新型コロナウイルスの感染拡大を受けて、ドイツのメルケル政権は24日までに雇用対策の拡充などを柱にする追加の経済対策を実施すると決めた。
総額は100億ユーロ(約1.2兆円)を超えるとみられる。

(中略)
柱の一つが、クルツアルバイト(時短勤務)と呼ばれる雇用調整制度の拡充だ。
自宅待機となった労働者の給与の6割を政府が補償する仕組みだが、条件付きで4カ月目からは7割、7カ月目からは8割に補償額を引き上げる。
時短勤務が長期化しても、ローンの支払いなどに支障が出ないようにする。

引用元:ドイツ政府、1兆円超の追加対策 雇用対策など拡充

ドイツが追加の経済対策を実施するようでございます。
クルツアルバイトと呼ばれる雇用調整制度の拡充が行われ、給与の6割の補償から始まり、時短勤務が長引けば長引くほどに補償割合が高まるようです。

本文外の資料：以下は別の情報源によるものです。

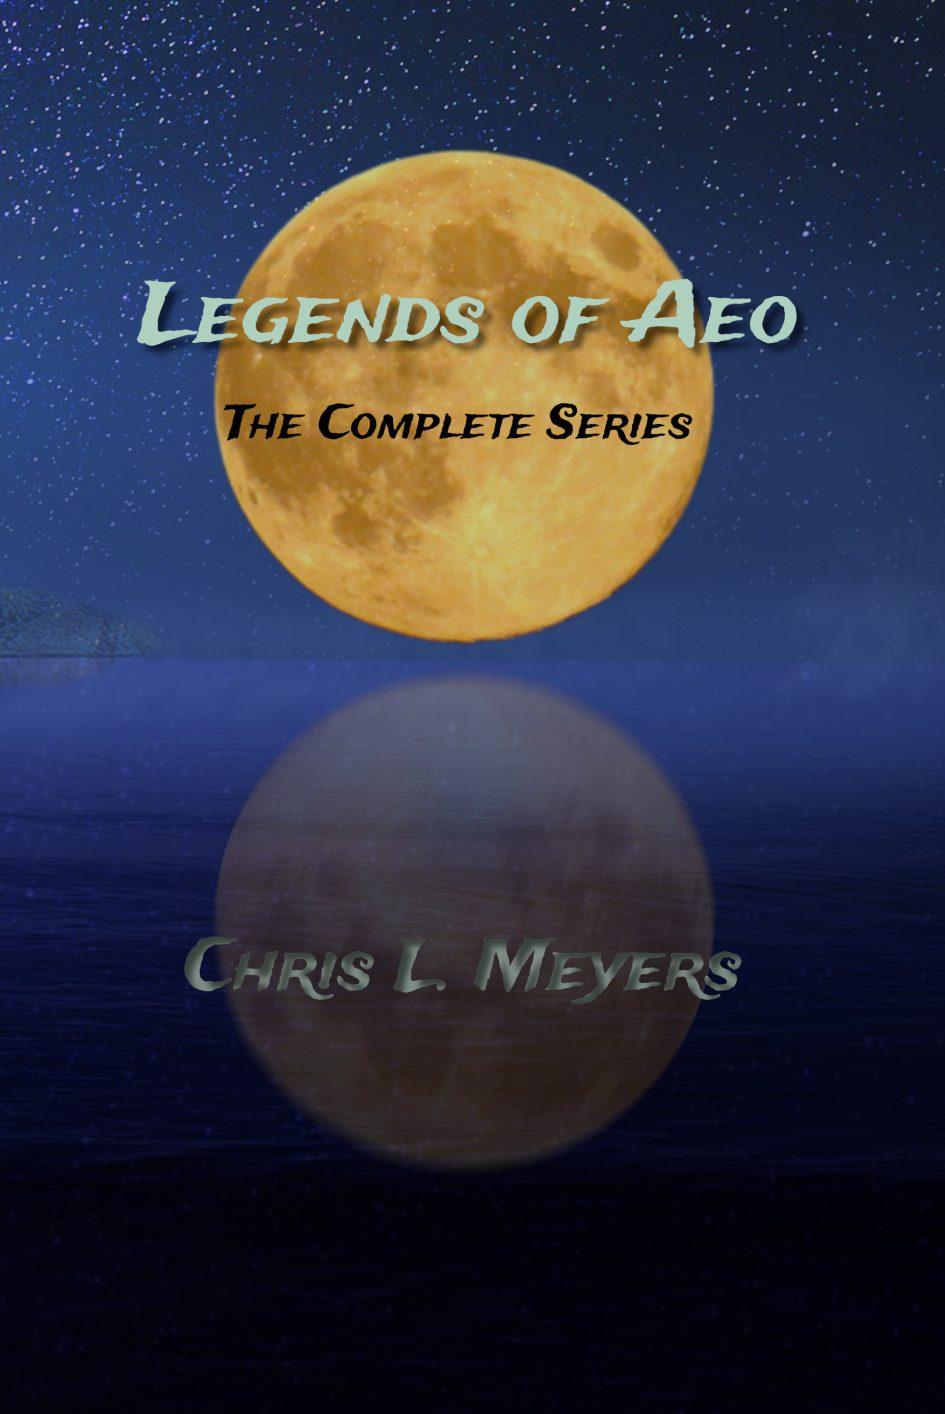 Legends of Aeo - orange moon over the sea

ある意味での休業補償がなされているようでして、企業規模は無関係のようでございます。

ドイツを見習って我が国日本も休業補償に踏み切らないと企業業績が一気に悪化して、従業員と株主がどちらも多大な損失を被ることになります。

ドイツは付加価値税の税率引き下げに踏み切る

さらに、感染対策の臨時休業で大きな損害を被っている飲食業界に対しては、7月1日から1年間、VAT(付加価値税)を19%から7%に引き下げる。
現在閉鎖中の学校は段階的に再開される見通しだが、オンライン授業のためパソコンを購入した家庭には政府が最大150ユーロ(約1万7000円)の支援を行う。

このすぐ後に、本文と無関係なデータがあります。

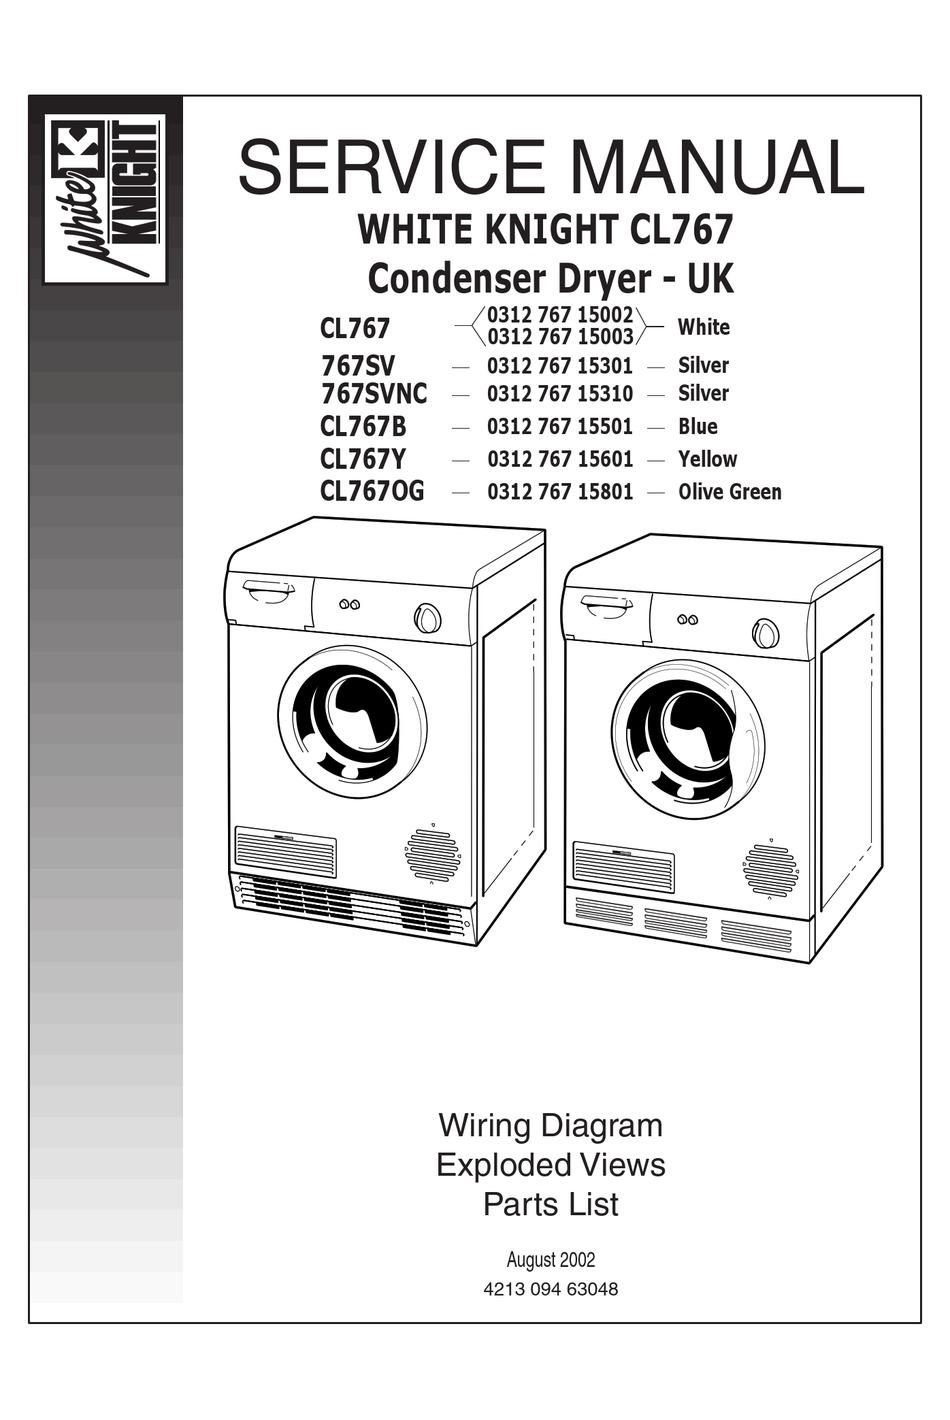 WHITE KNIGHT CL767 SERVICE MANUAL Pdf Download | ManualsLib | White Knight Tumble Dryer Wiring Diagram |  | ManualsLib

引用元:ドイツ、1兆円超のコロナ追加対策を発表 労働者や飲食業界への支援拡充

ドイツは新型コロナウイルスの影響で臨時休業している飲食業界に対しては、消費税に該当する付加価値税を19%から7%に引き下げることになりました。

ドイツのような共通通貨を保有している国家ですら、付加価値税(消費税)の税率引き下げに踏み切ったのに、我が国日本のような自国通貨を保有している国家ではそれすらできないらしいです。

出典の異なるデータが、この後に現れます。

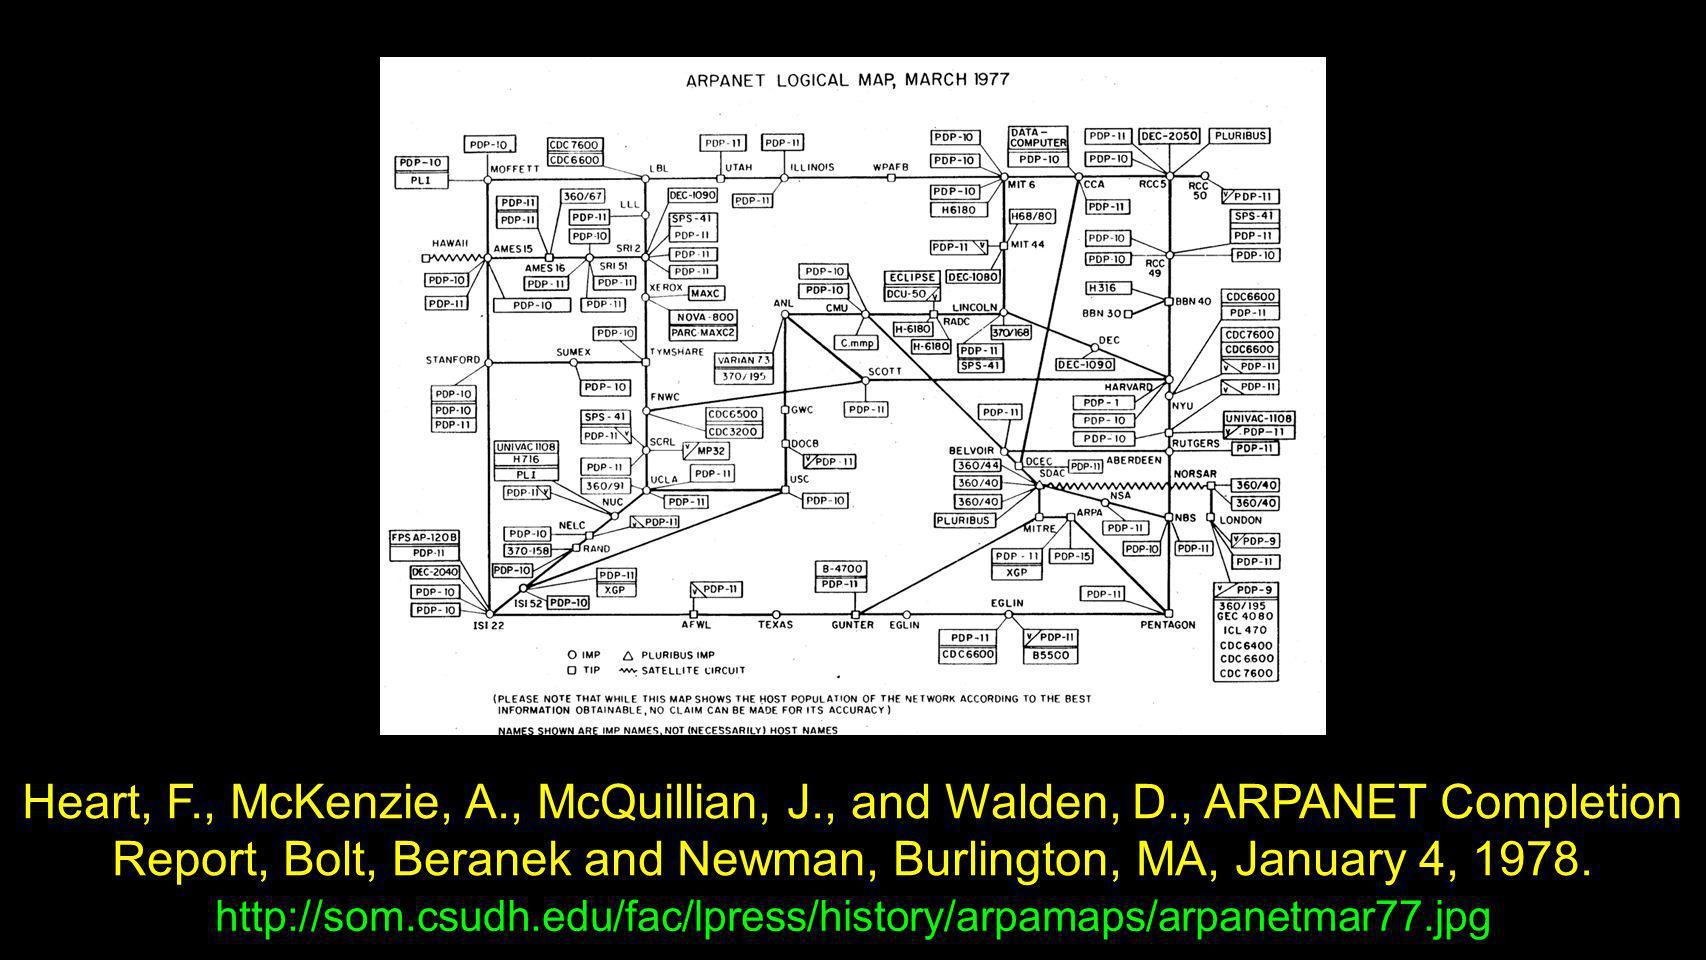 http://som.csudh.edu/fac/lpress/history/arpamaps/arpanetmar77.jpg Heart, F., McKenzie, A., McQuillian, J., and Walden, D., ARPANET Completion Report,

日本人を意図的に経済的苦境のままにしておきたくて、殺したい欲望があるとしか言いようがありません。

致せり尽くせりの給付金がドイツを救う

追加された1,225億ユーロの補正予算では、ウイルス拡散防止策(個人保護具の調達、ワクチン開発と治療法の開発促進、連邦軍による支援サービス、および住民への情報提供)に35億ユーロ、パンデミックへの緊急対策用として550億ユーロ、保証および保証の分野で考えられる請求について約59億ユーロの引当金増額、中小企業への給付金500億ユーロなどが盛り込まれた。
特に注目されていた中小企業ならびに零細企業(従業員10人未満)に対する支援は、融資ではなく給付金(課税対象)に決定した。
コロナ危機の影響で2020年3月11日以降に経済的困難に陥る企業が資金の流動性を確保できるようにするため、従業員5人以下(フルタイム相当)の事業者に対しては3カ月分の緊急支援として、最大9,000ユーロが、従業員10人以下(フルタイム相当)の事業者には同じく最大1万5,000ユーロが、一括で支払われる。
もし、家主が家賃を20%以上減額し、かつ給付限度額を超えない場合は、さらに2カ月間の必要資金を申請額に計上できる。

引用元:中小企業への給付金など、新型コロナ経済対策を大幅拡張

ドイツでは補正予算が組まれ、新型コロナウイルス対策の緊急経済対策となっております。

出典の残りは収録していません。